(Dataset records)
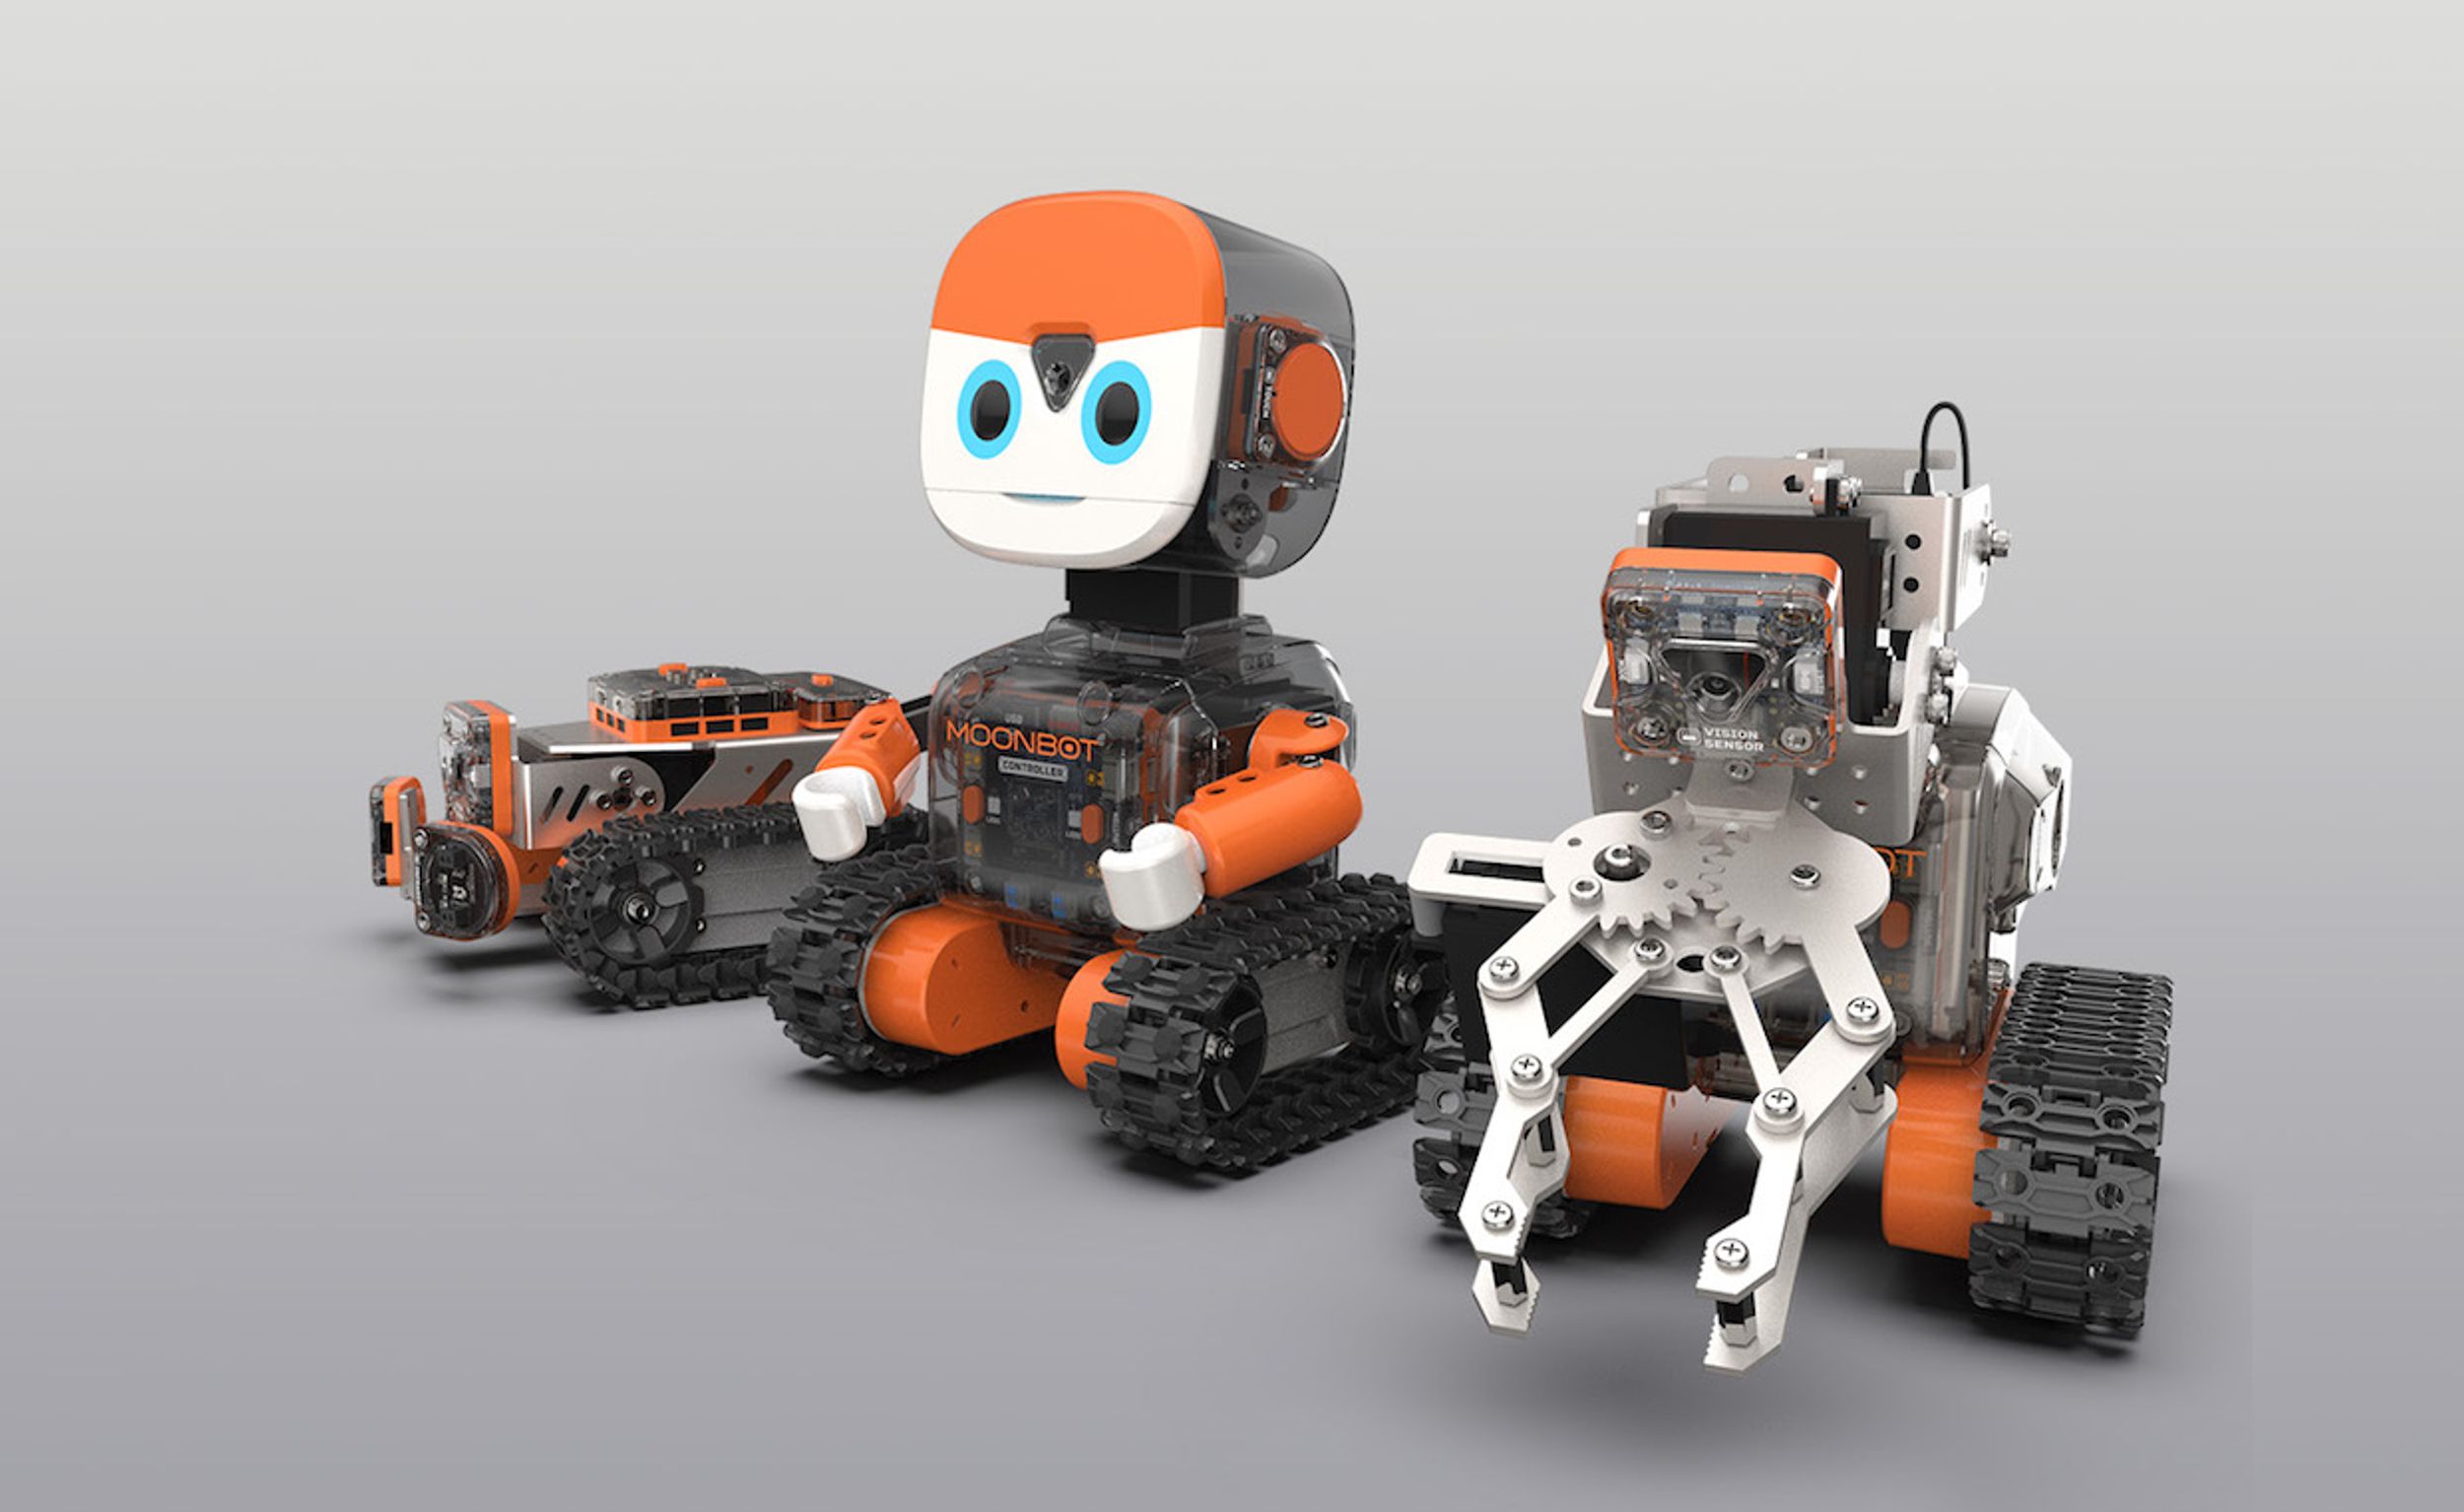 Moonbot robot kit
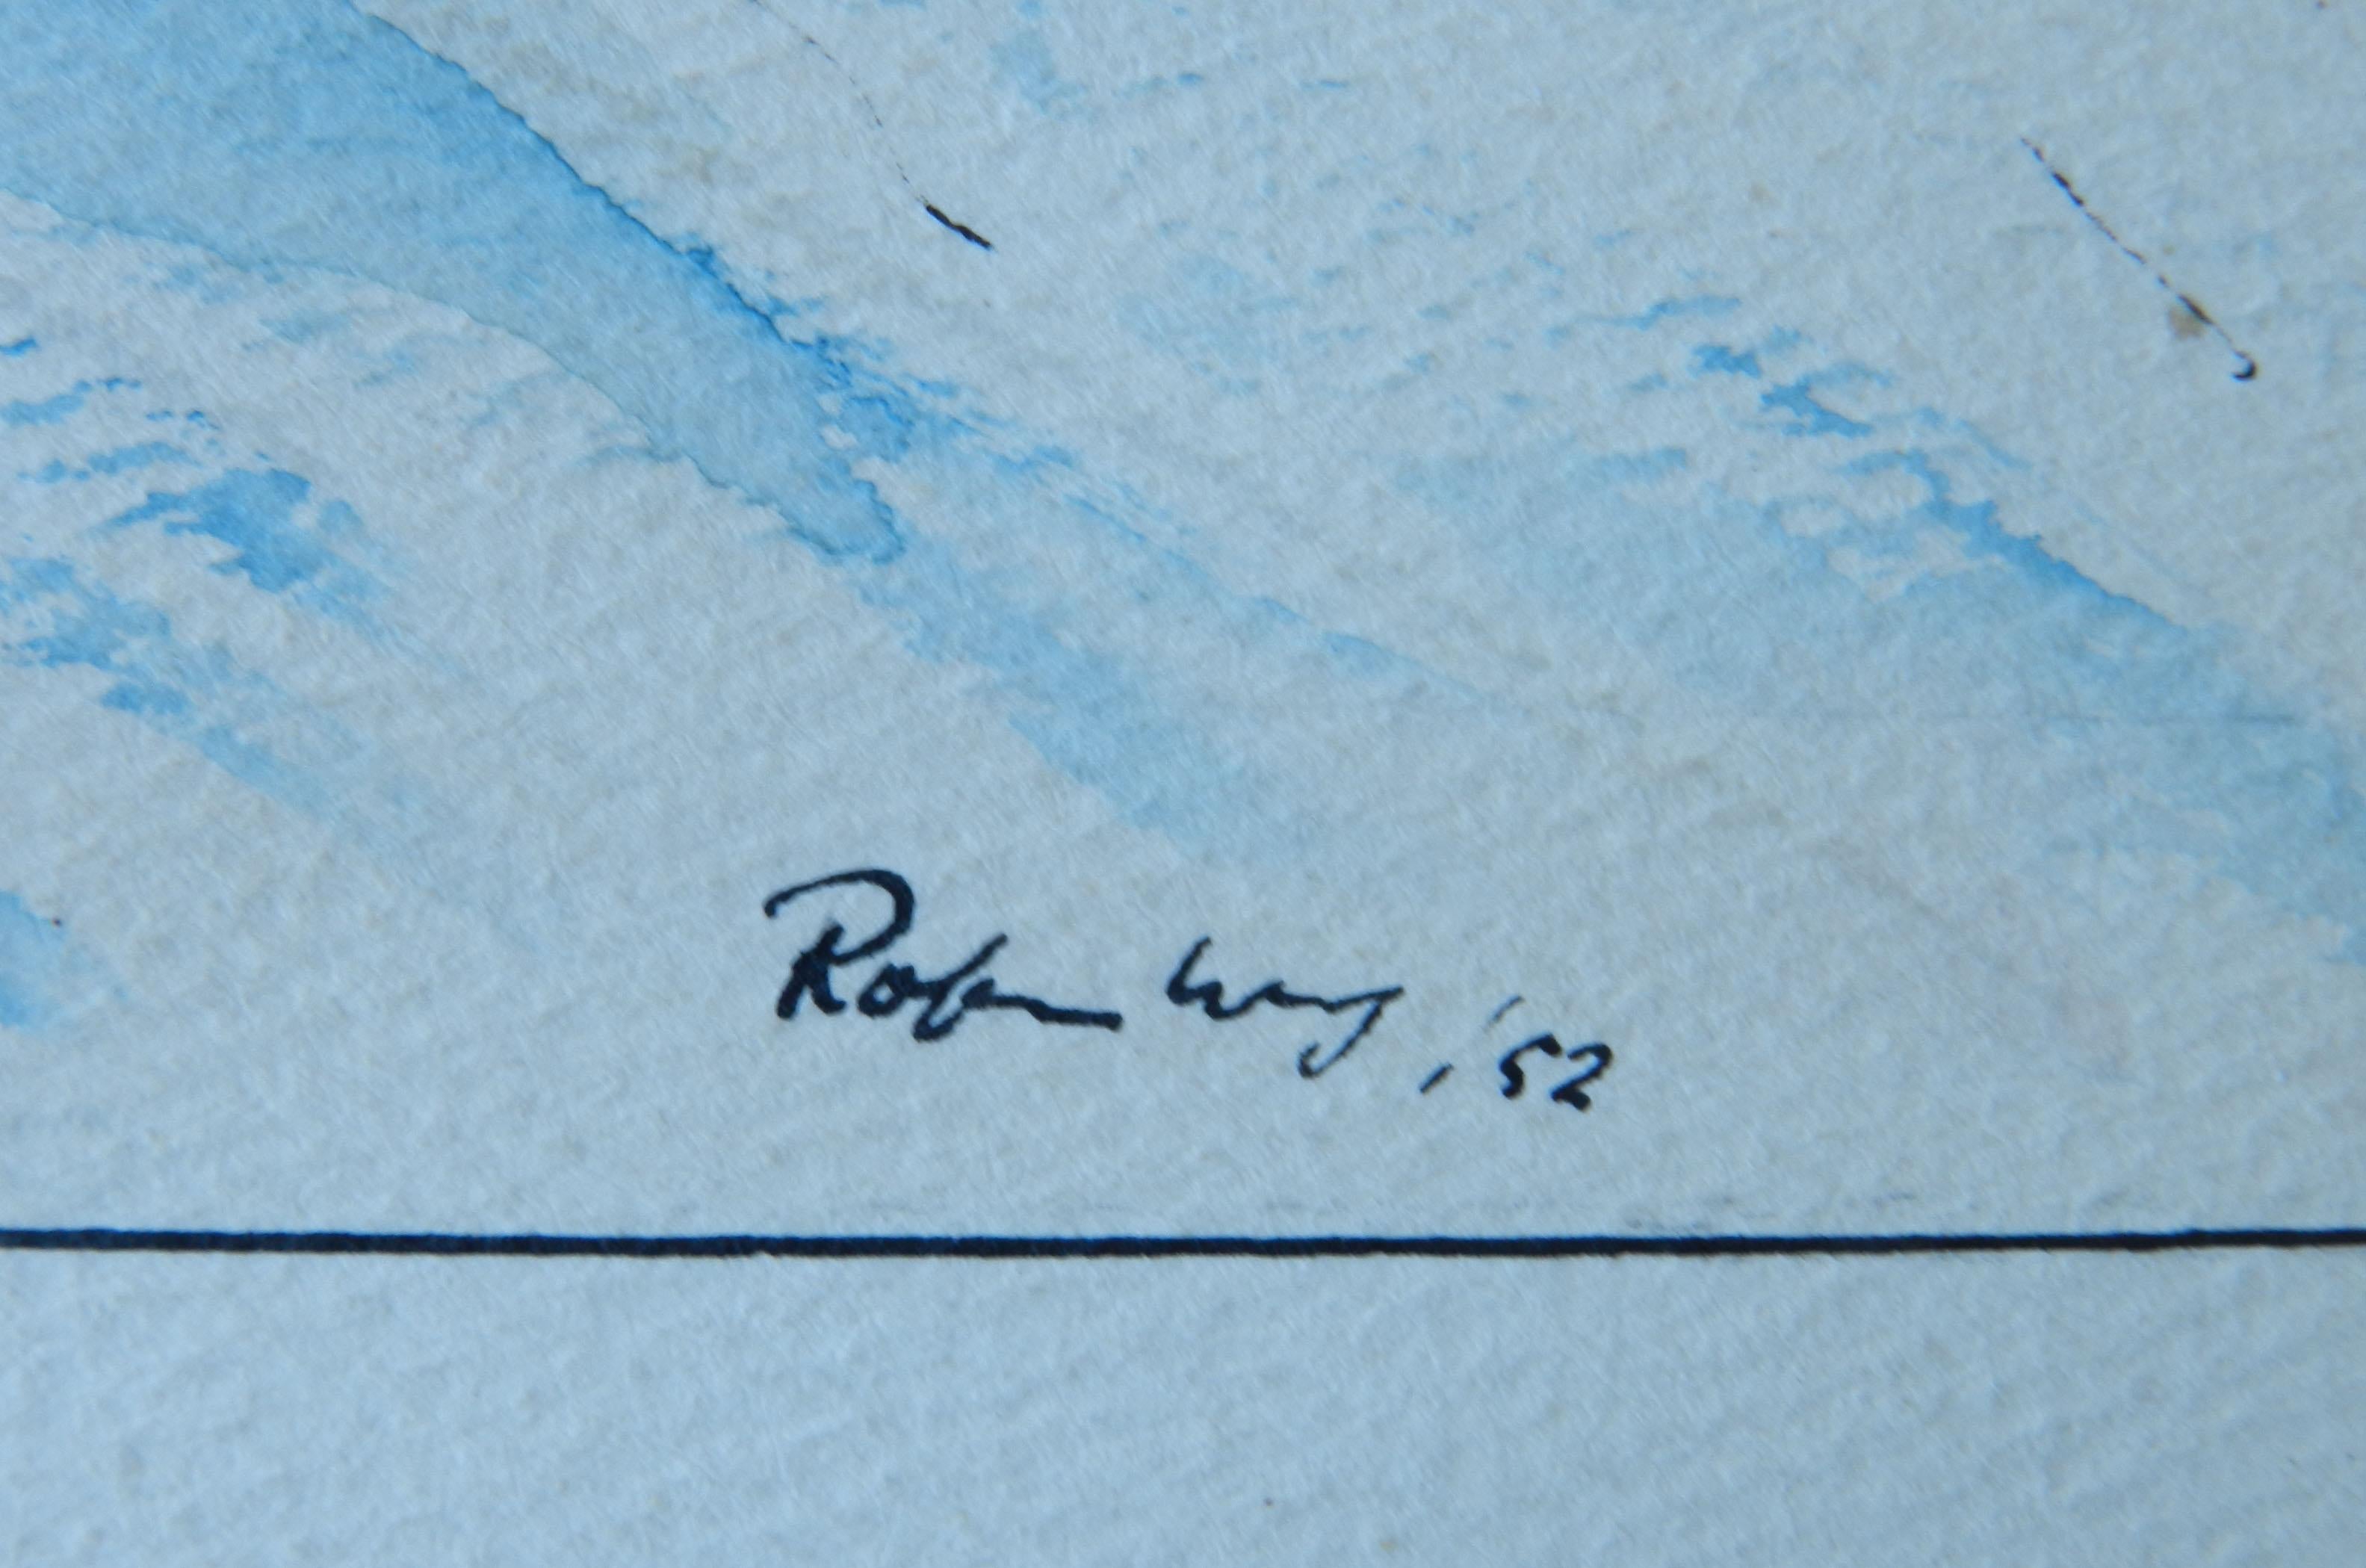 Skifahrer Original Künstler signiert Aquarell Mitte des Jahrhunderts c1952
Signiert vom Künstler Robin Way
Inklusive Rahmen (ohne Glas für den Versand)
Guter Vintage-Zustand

**TASK REQUIREMENTS**
Copy out the data above exactly, except the pictures.

**EXERCISE ANSWER**
 Moonbot robot kit
 Skifahrer Original Künstler signiert Aquarell Mitte des Jahrhunderts c1952
Signiert vom Künstler Robin Way
Inklusive Rahmen (ohne Glas für den Versand)
Guter Vintage-Zustand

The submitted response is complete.